Desnos (on prononce les deux “s” sinon on a l'air con… comme votre serviteur) est un poète surréaliste du club Breton/Aragon, autodidacte, issu d'une famille modeste, journaliste et adepte de l'écriture automatique.
ce recueil propose une anthologie non exhaustive des écrits du poète de 1919 à 1944.

Sa poésie est gorgée d'inventions et de tentatives séduisantes, s'inscrivant dans une génération en rupture avec les vers classiques, Desnos essaye une poétique protéiforme, faite de pieds inégaux, de prose fantaisiste, de défis espiègles et unissant l'argot à l'onirisme.
Paradoxalement la première partie du recueil, la jeunesse de Desnos, est plus sombre que la fin, l'occupation allemande et la déportation du poète.
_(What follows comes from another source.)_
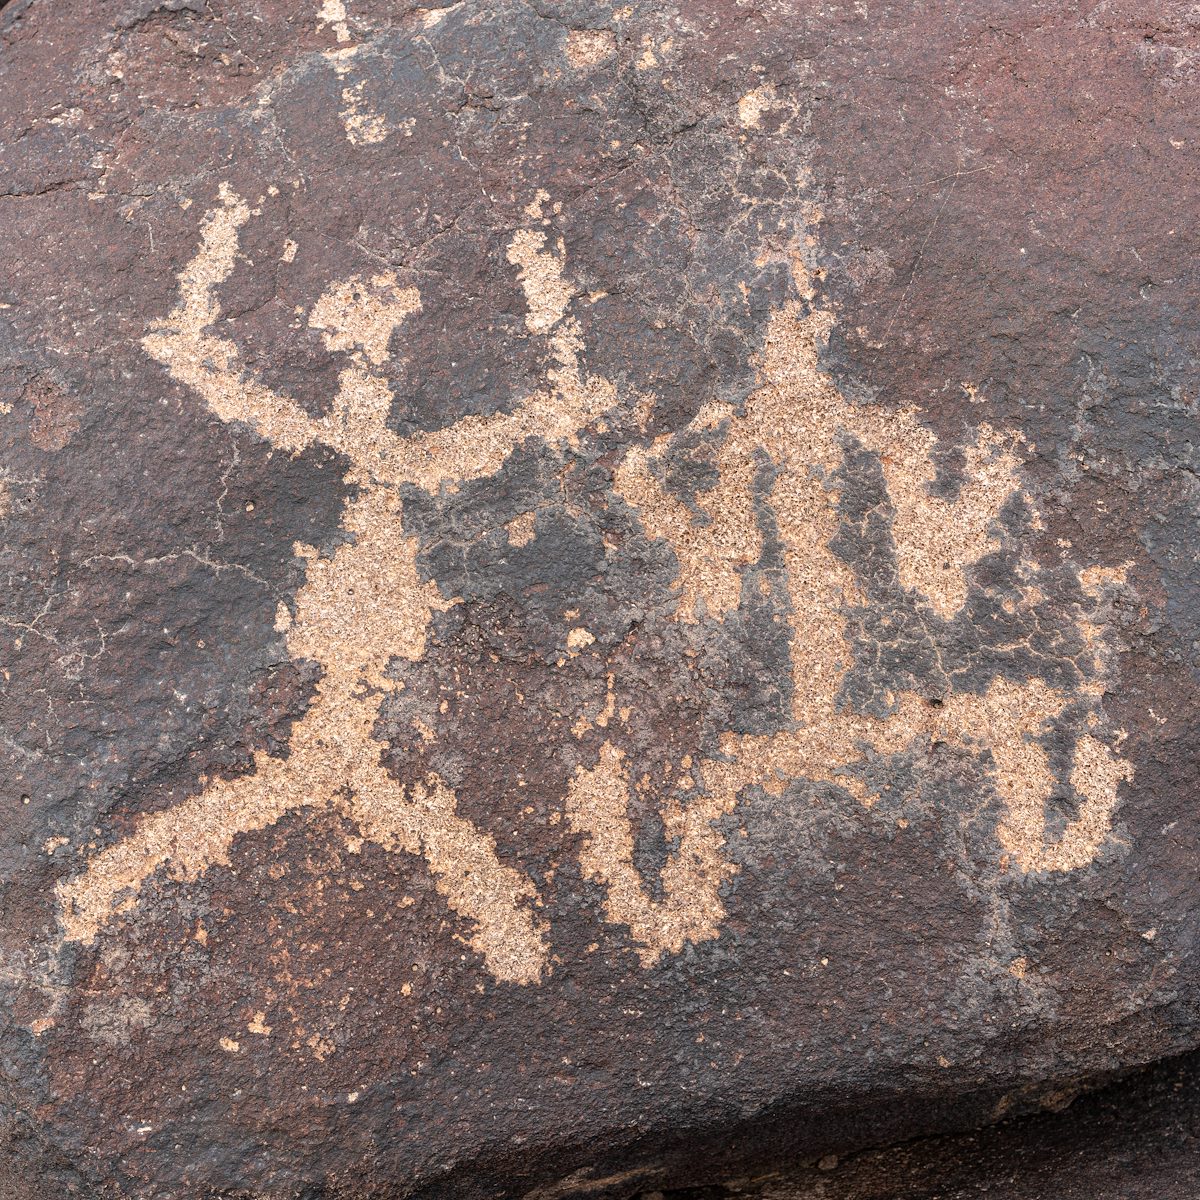 2021 January Ironwood East Petroglyph 05

Si le jeune Robert semble en proie à des pensées mélancoliques, des passions cafardeuses, le Desnos des années quarante pratique la poésie comme un sport de combat, la vie coule dans ses vers, c'est un homme amoureux, dansant avec les strophes, qui résiste dans une jubilation créatrice.
Le traitement de l'amour, tout au long de cette Destinée Arbitraire, permet, en renfort du style, de singulariser davantage les vers de Desnos. Il écrit ce sentiment de façon gaie et crue, et décrit les interactions des corps d'une manière polissonne mais pas sordide.
Le lecteur sera ravi de retrouver tout au long du recueil l'esprit mutin de Robert Desnos, la vitalité de ses vers ainsi que la variété de ses inspirations.
Pour le plaisir infini de voir ce magicien des mots, leur niant toute signification pour mieux les armer d'un sens nouveau.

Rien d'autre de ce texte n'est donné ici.